The template-based modeling of protein complexes involves target/template relationships based on sequence/structure similarity,9–19 with the structure similarity techniques showing a great promise in terms of the availability of templates.8 In the methods based on the structure similarity, the template search is performed by the structural alignment of the target interactors with the entire structures (full structure alignment, FSA), or the interface only (partial structure alignment, PSA) of the subunits in co-crystallized complexes. There are also multiple types of target/template relationships based on the nature of the structures involved—heterodimers versus homodimers, single-versus multi-domain structures, biological versus crystal packing complexes, and such.
In this article we analyze the spectrum of structural similarity in protein–protein complexes, as it relates to detection of suitable templates for protein docking, and the corresponding performance of the full and partial structural alignment approaches.
METHODS
We used a manually curated set of 372 two-chain bound structures (12 antibody–antigen, 66 enzyme-inhibitor, and 294 other complexes), nonredundant at 30% sequence identity, from the Dockground resource20 (http://dockground.bioinformatics.ku.edu) as our target set (Table SI in Supporting Information). The template pool consisted of 11,932 two-chain PDB complexes with sequence identity <90% between complexes, or interface fragments extracted from the full structures using 12 Å distance cut-off to define the interface (a detailed description is in our earlier publications19,21).
Complexes were modeled by spatial rearrangement of separate 3D structures of the target monomers to structurally overlap with the cocrystallized interface fragments (PSA) or full structures (FSA) of the templates. The Cα structural alignment of the monomers was performed by TM-align.22 The alignment quality was assessed by TM-score,23 which has values ranging from 0 to 1 (the average TM-score of a random structure match is 0.17). The alignment pairs had to satisfy the following criteria: (i) TM-score of at least one alignment >0.4, (ii) at least 50% of the aligned residues for both receptor and ligand (“receptor” and “ligand” are the larger and the smaller proteins in the complex, respectively) should be at the surface, and (iii) at least 40% of the interface residues in both receptor and ligand should be covered by the alignment. Transformation matrices from the alignments were applied to the target receptor and ligand to generate models. Redundant models (TM-scores of both alignments >0.9) were excluded from further consideration. The quality of the resulting models was evaluated in terms of RMSD between interface Cα atoms of the predicted and the native ligand structures, with the receptors optimally aligned (i-RMSD).
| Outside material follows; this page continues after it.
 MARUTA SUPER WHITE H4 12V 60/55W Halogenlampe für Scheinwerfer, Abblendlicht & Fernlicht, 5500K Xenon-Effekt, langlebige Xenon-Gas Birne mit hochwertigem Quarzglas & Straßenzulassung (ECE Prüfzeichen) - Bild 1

The distance cutoff for the interface residues in i-RMSD calculations was 6 Å. The models were designated as higher-accuracy (i-RMSD <5 Å ) and lower-accuracy (5 Å ≤ i-RMSD <10 Å ) ones, consistent with the previous estimates for meaningful docking predictions24 and the docking funnel size.25 Sequence identities between targets and templates were calculated from alignments produced by CLUSTALW.26,27 Because models of the complexes are generated by the alignment of Cα structures, they may have a number of clashes between the side chains. The surface and the coverage requirements for the models (see above) improve the structural quality of the interface. However, significant number of clashes still remains and could be removed by minimization.
RESULTS AND DISCUSSION
Benchmarking results of the full structure alignment (FSA) and interface/partial structure alignment (PSA) are summarized in Figure 1. Some target complexes were predicted with either higher or lower accuracy by both full and interface alignments, and some by either interface alignment or full alignment only. Accordingly, our analysis is split into these three categories. The analysis shows the structural factors responsible for either comparable or significantly better performance of each alignment protocol.
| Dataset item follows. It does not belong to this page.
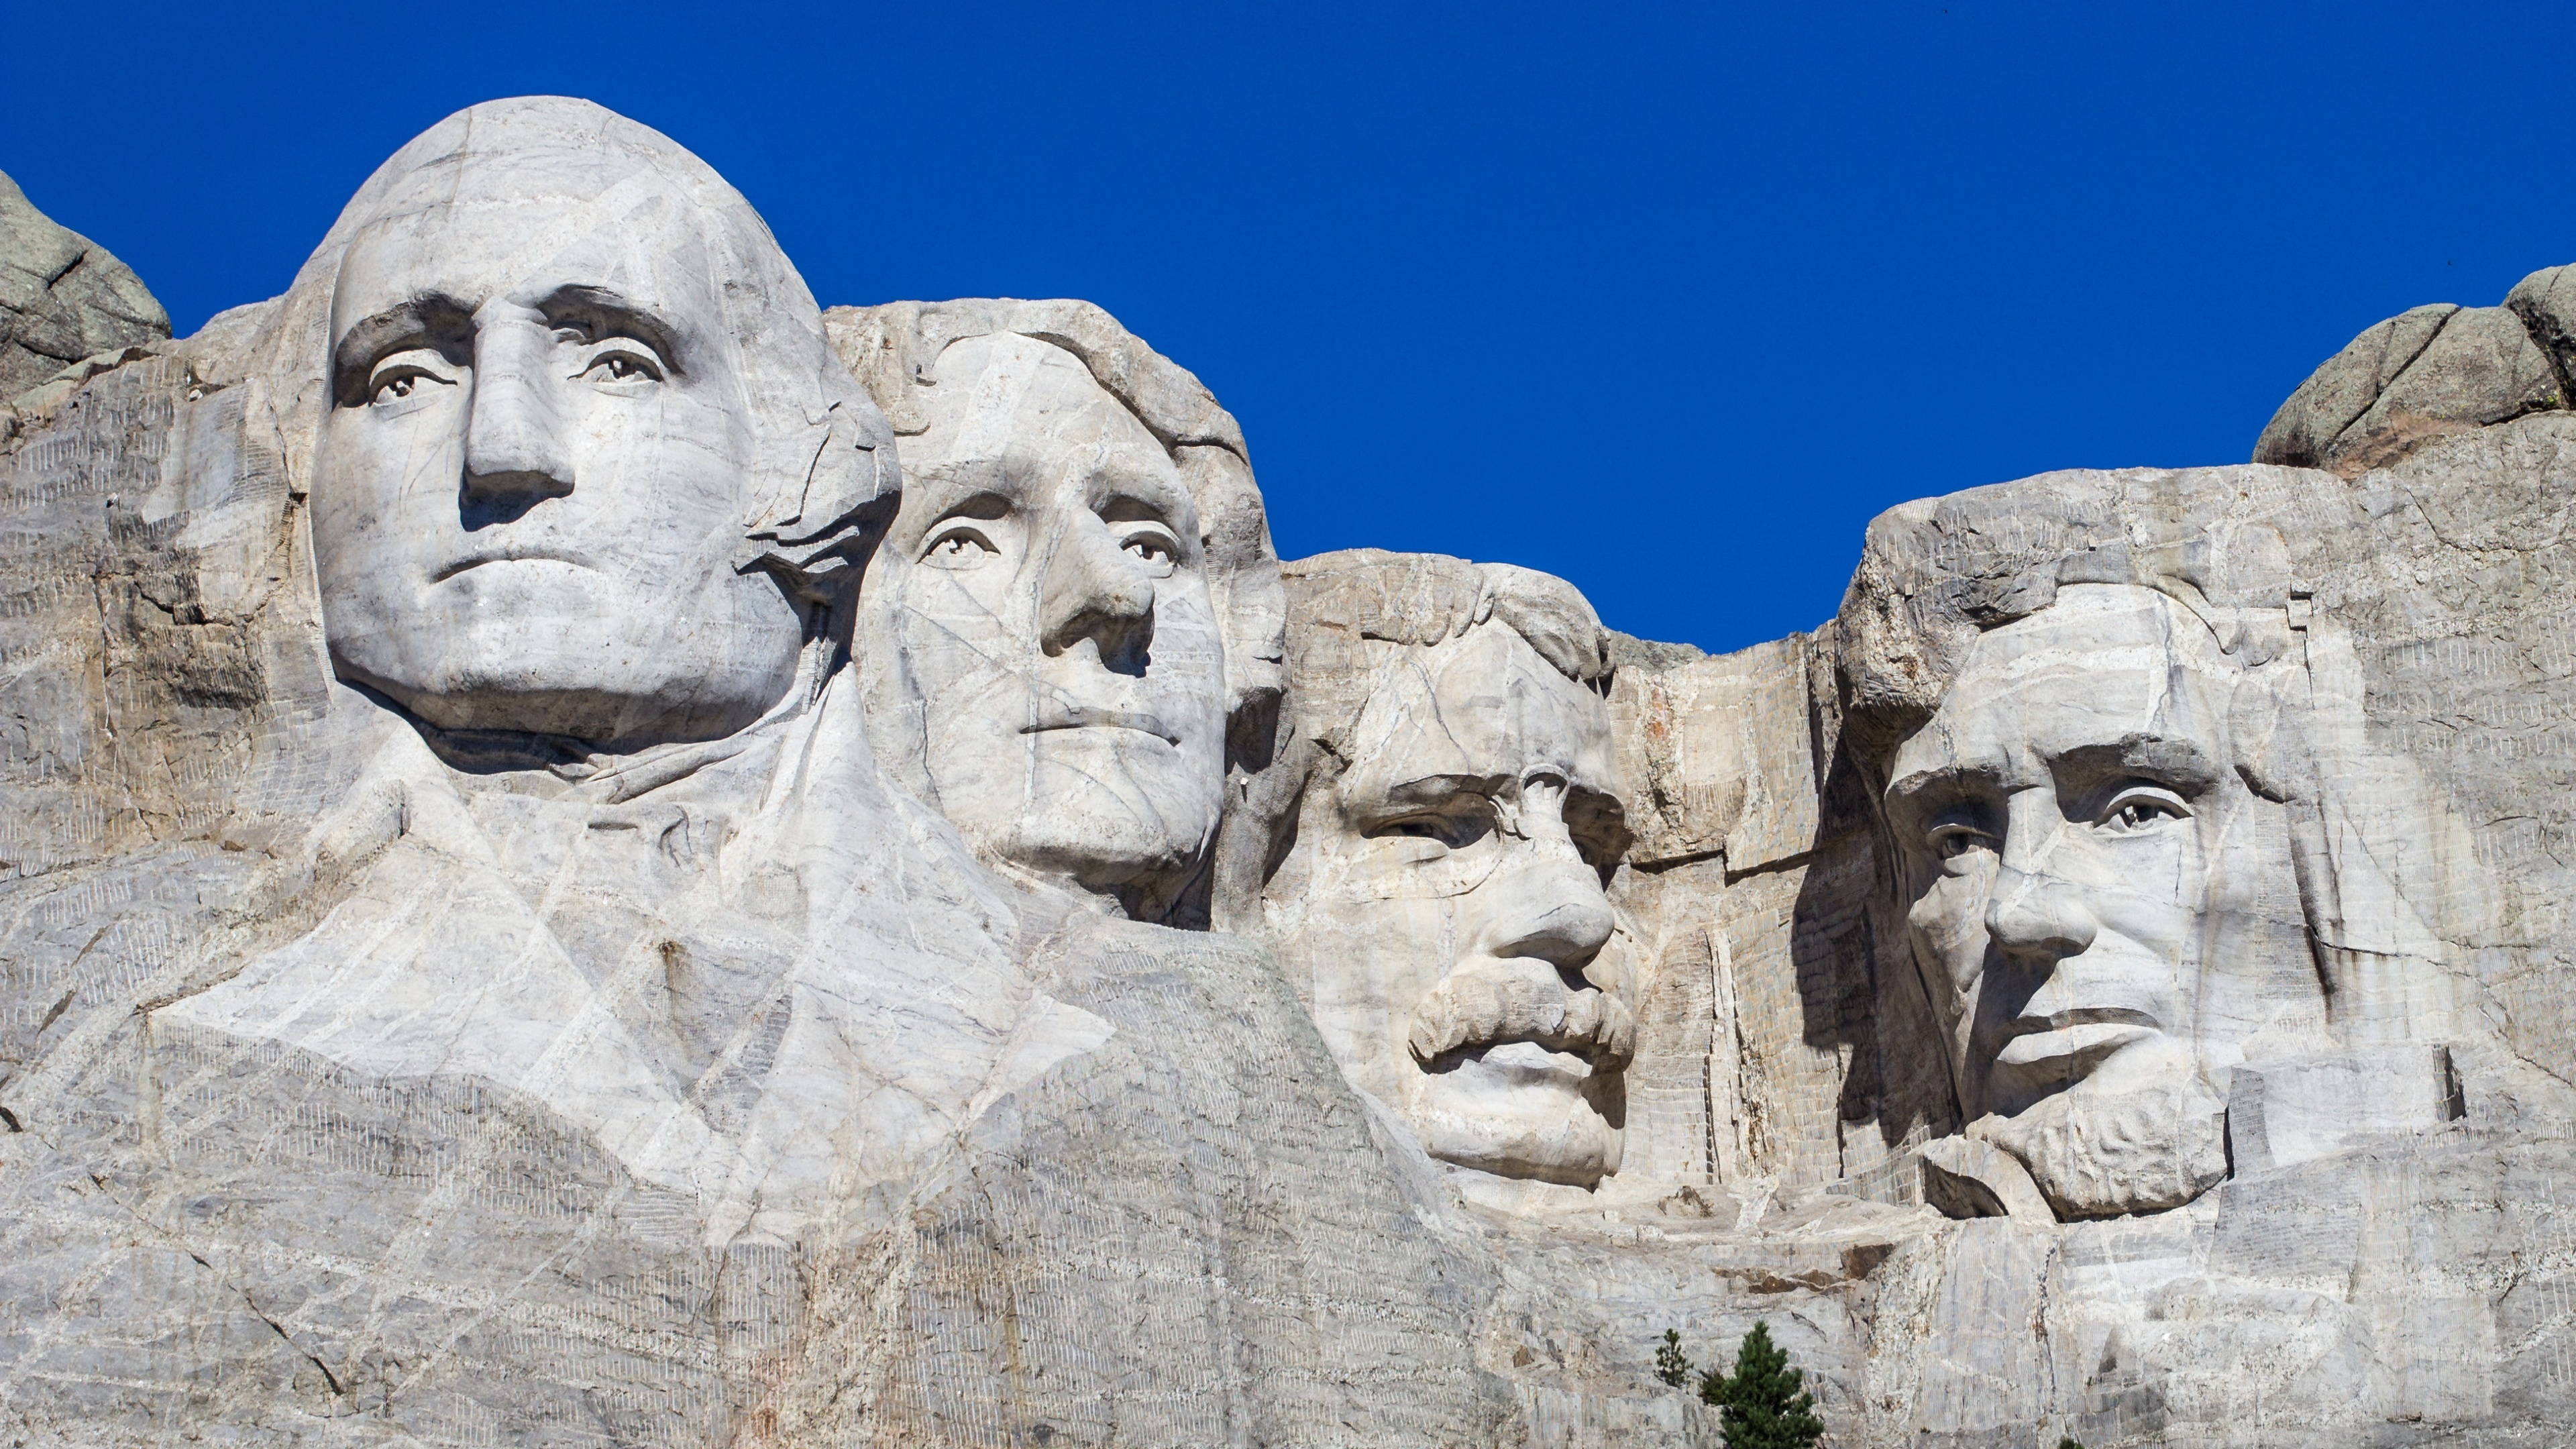 4K wallpaper, Presidents in stone, South Dakota beauty, Blue sky backdrop, 3840x2160 4K Desktop

Comparable performance of full and interface structure alignments
Both FSA and PSA yielded the best (smallest i-RMSD from the native structure) models with i-RMSD <5 Å—higher-accuracy best (HAB) models—for 130 targets (35% of the dataset) and 103 of those models were ranked 1. For 92 targets, the PSA HAB models have smaller i-RMSD compared to the corresponding FSA HAB models with difference in i-RMSD (Δ i-RMSD) >1 Å for 17 such models. At the same time, only in 19 cases FSA HAB model has a smaller i-RMSD compared to the corresponding PSA HAB model (in four cases Δ i-RMSD >1 Å ). PSA and FSA templates for the HAB models originated from the same X-ray structure for 125 targets.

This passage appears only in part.